What is new about it is not so much the process itself, since it has always happened, but the language we can now use to resist neoliberalism, privatization and appropriation. Working with commons necessarily leads us to changing the economic system. The commoning process is the opposite of privatisation and appropriation.
It does not abolish ownership, but it abolishes the absolute rights that are linked to this ownership. It is about the access to and the use of something.
The commons offer a language that allows us to leave the straitjacket of the old dichotomies of labour vs capital, or private vs public, or market vs State – it does not mean that these oppositions do not exist anymore, they clearly do, but the commons offer us a way to get around them and to seek for solutions that include all. If the language of ‘commons’ is so popular today, it is because people do not only want to emancipate themselves from poverty, but are also looking for a different governance system. Social movements today do not only fight to defend their self-interest but are concerned about the survival of humankind and the planet and also want to make their voices heard. They want to take part in decision-making. Commons can be seen as the foundation of our collective life in our community, in our country and on this planet. Every political community will have to define its commons, the framework in which it wants to organise its existence, the rules it wants to follow, the geographical scale at which it wants to exist.

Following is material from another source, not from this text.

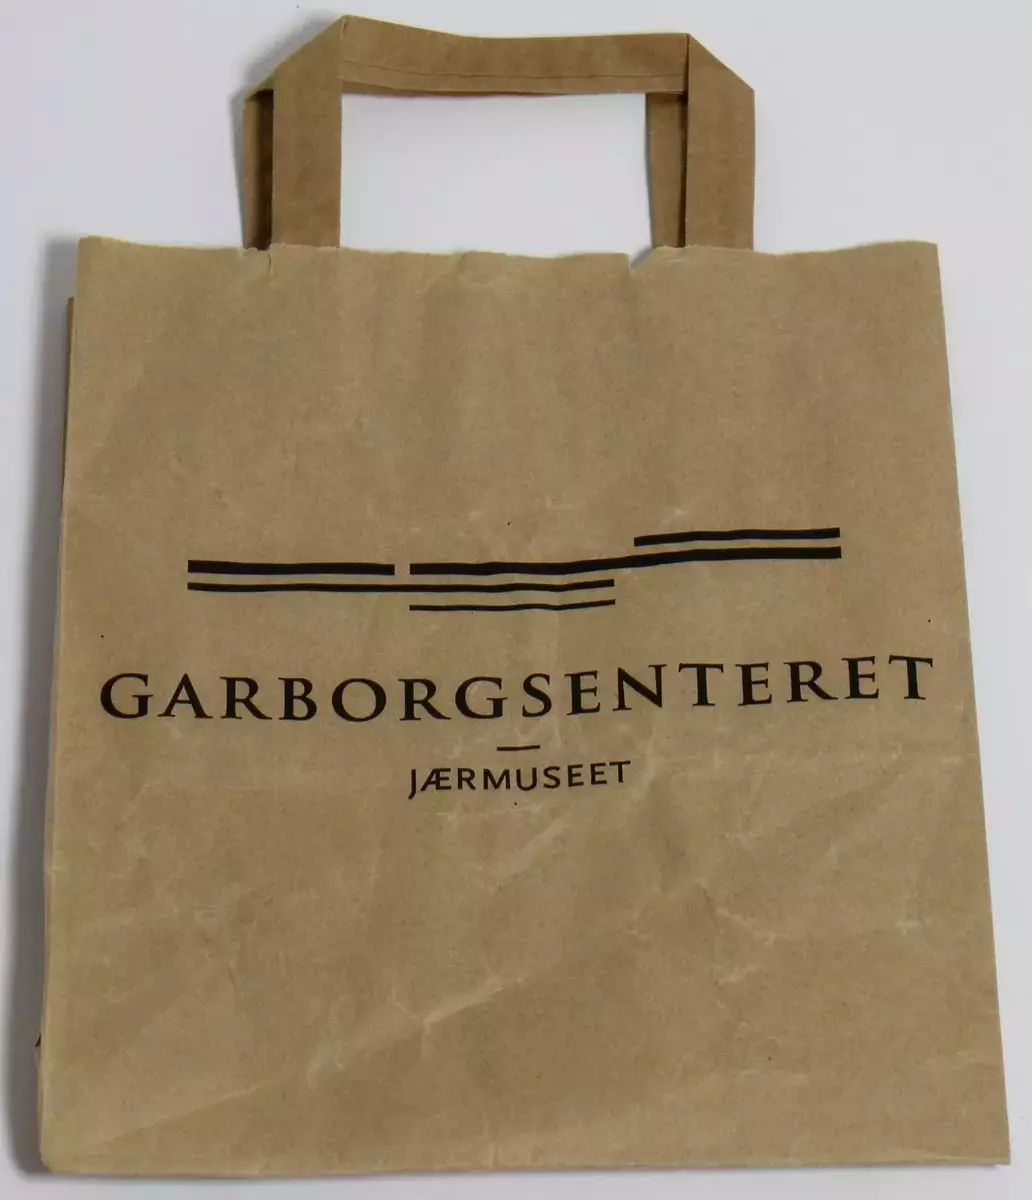 Handlenett frå Garborgsenteret, som er eit museum på Bryne i Time kommune. Garborgsenteret opna 5. september 2012 til minne om Arne og Hulda Garborg, og er ei avdeling av Jærmuseet. Handlenettet er i papir.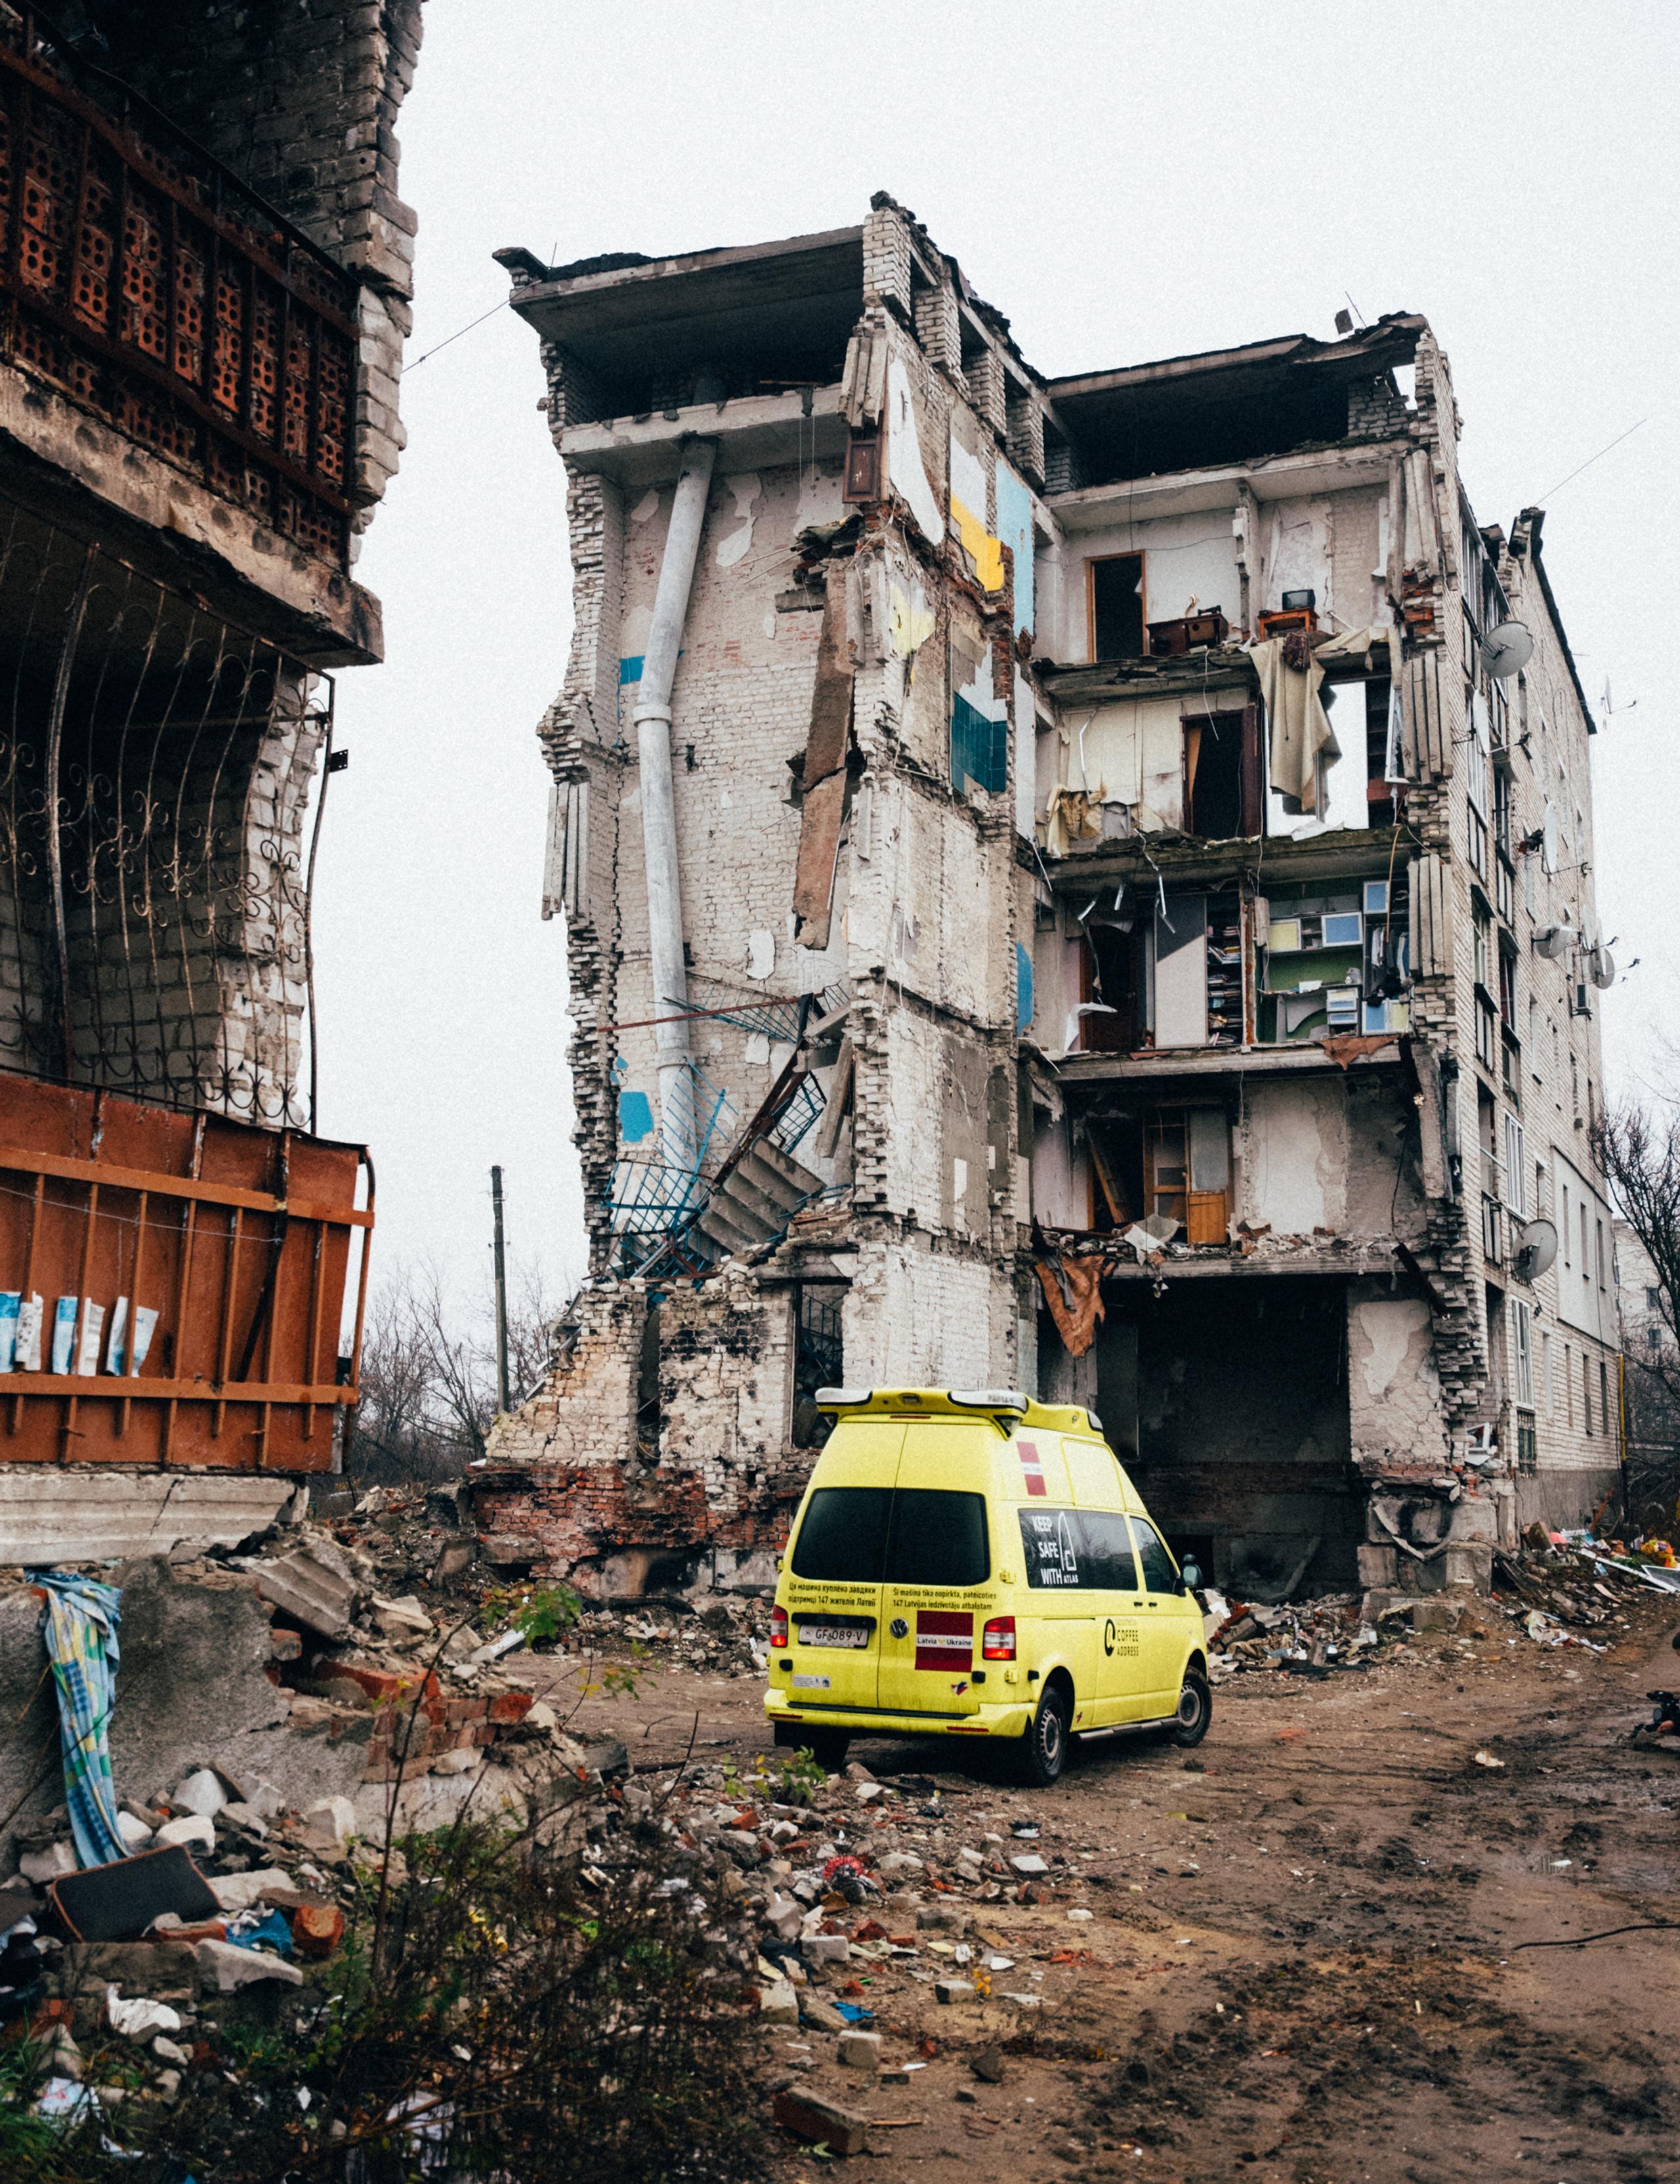 Yellow volunteer truck parked in front of destroyed building in Ukraine

But what is meant by social commons? Social commons could be seen as a tautology, since commons necessarily are social, as the result of co-activity. But social commons also point to the dual sense of ‘social’, referring to society as well as to the social needs and rights of individuals. Social commons are for society by society. A proposal for conceiving of social protection as social commons, is based on the knowledge that current social protection already is a collective property of workers that promoted and enhanced their citizenship.
What does it mean to see social protection in terms of commons?
First and foremost, from a methodological perspective: to have a collective, democratic and participatory approach. Social protection systems already are our collective property. We do not need a uniform system for the whole world, not even for the whole of North America or the whole of Europe. But we do need the same rights and it is the way these rights have to be implemented and guaranteed that will have to be discussed and decided on.
What makes social commons different from social protection is most of all the participatory and democratic construction of it. A second major difference is the collective dimension social commons emphasize, in constructing them and in governing and monitoring them. Beyond the human rights on which social protection is founded, they also care for society itself and promote social integration.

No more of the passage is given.